Given a set of points on a plane, we define a convex hole to be a convex polygon having as vertices any of the given points and not containing any of the given points in its interior (in addition to the vertices, other given points may lie on the perimeter of the polygon).

As an example, the image below shows a set of twenty points and a few such convex holes. The convex hole shown as a red heptagon has an area equal to 1049694.5 square units, which is the highest possible area for a convex hole on the given set of points.
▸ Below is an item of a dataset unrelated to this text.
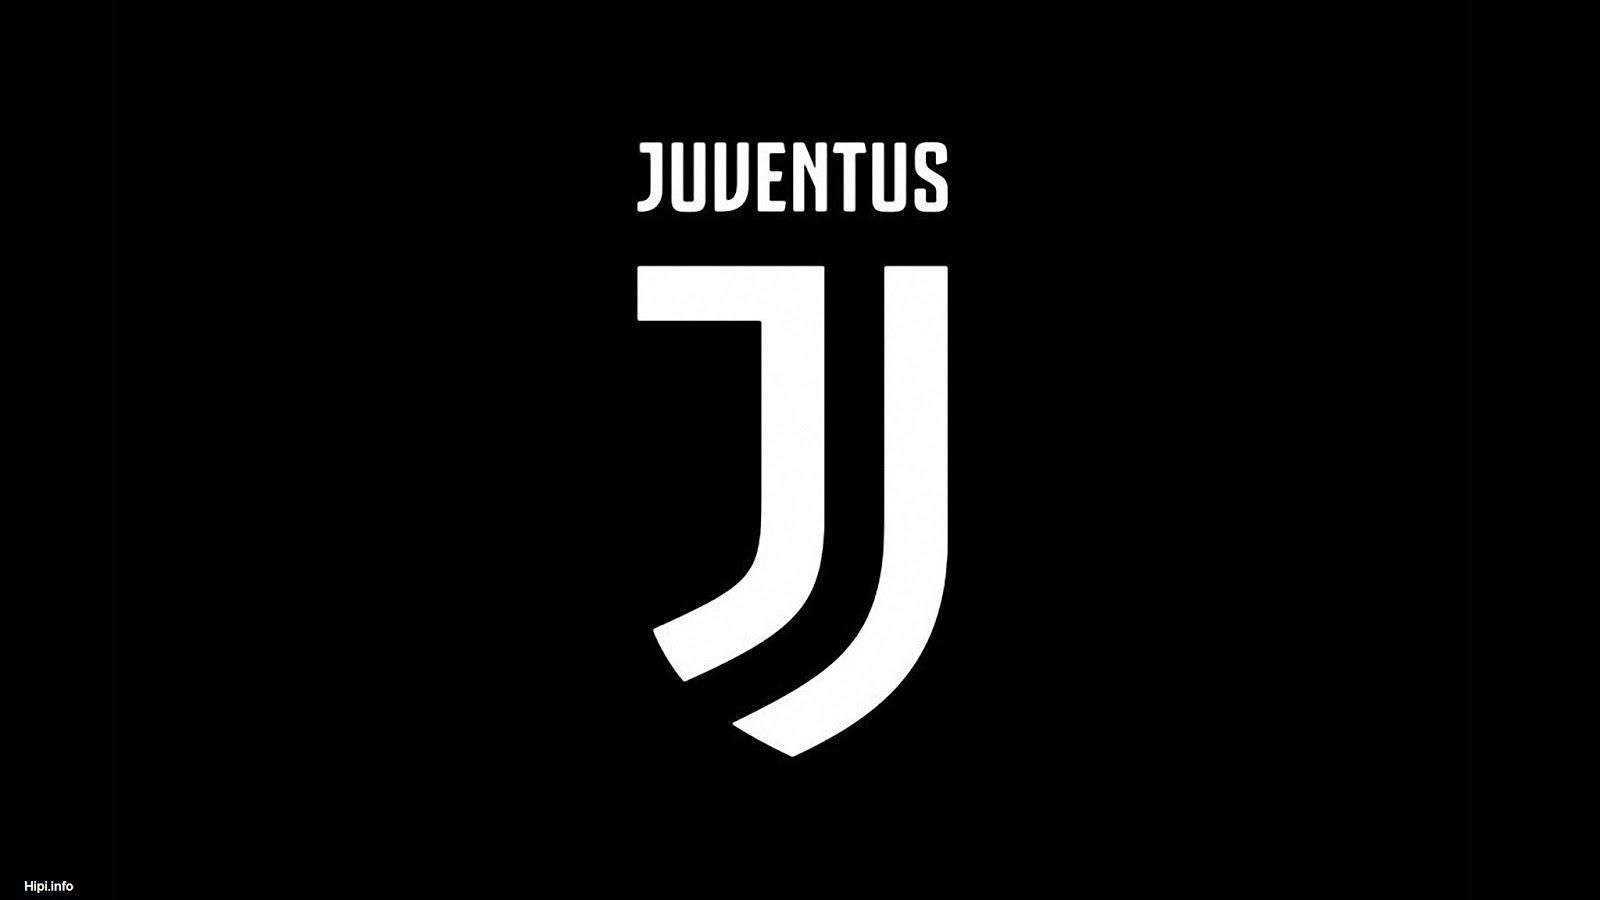 8. Juventus

For our example, we used the first 20 points (T2k−1, T2k), for k = 1,2,…,20, produced with the pseudo-random number generator:

$S\_0=290797$ $S\_{n+1}=S\_n^2 \text{ mod } 50515093$ $T\_n=\text{(}S\_n \text{ mod } 2000 \text{)}-1000$

i.e. (527, 144), (−488, 732), (−454, −947), …

What is the maximum area for a convex hole on the set containing the first 500 points in the pseudo-random sequence?
Specify your answer including one digit after the decimal point.


凸洞

给定平面上一个点集,以这个点集中的点为顶点、且不包含点集中的点在内部(可以在边界上)的凸多边形,称为这个点集的凸洞。

例如,下图展示了20个点组成的点集,以及一系列点集的凸洞。下图中的红色七边形凸洞的面积为1049694.5平方单位,是点集中最大的凸洞。

在这个例子中,我们使用的20个点(T2k−1, T2k)是由如下的伪随机数生成器取k = 1,2,…,20生成的:

$S\_0=290797$ $S\_{n+1}=S\_n^2 \text{ mod } 50515093$ $T\_n=\text{(}S\_n \text{ mod } 2000 \text{)}-1000$

也就是 (527, 144), (−488, 732), (−454, −947), …

取这个伪随机序列的前500个点构成的集合,凸洞的最大面积是多少?
注意将你的答案保留小数点后一位小数。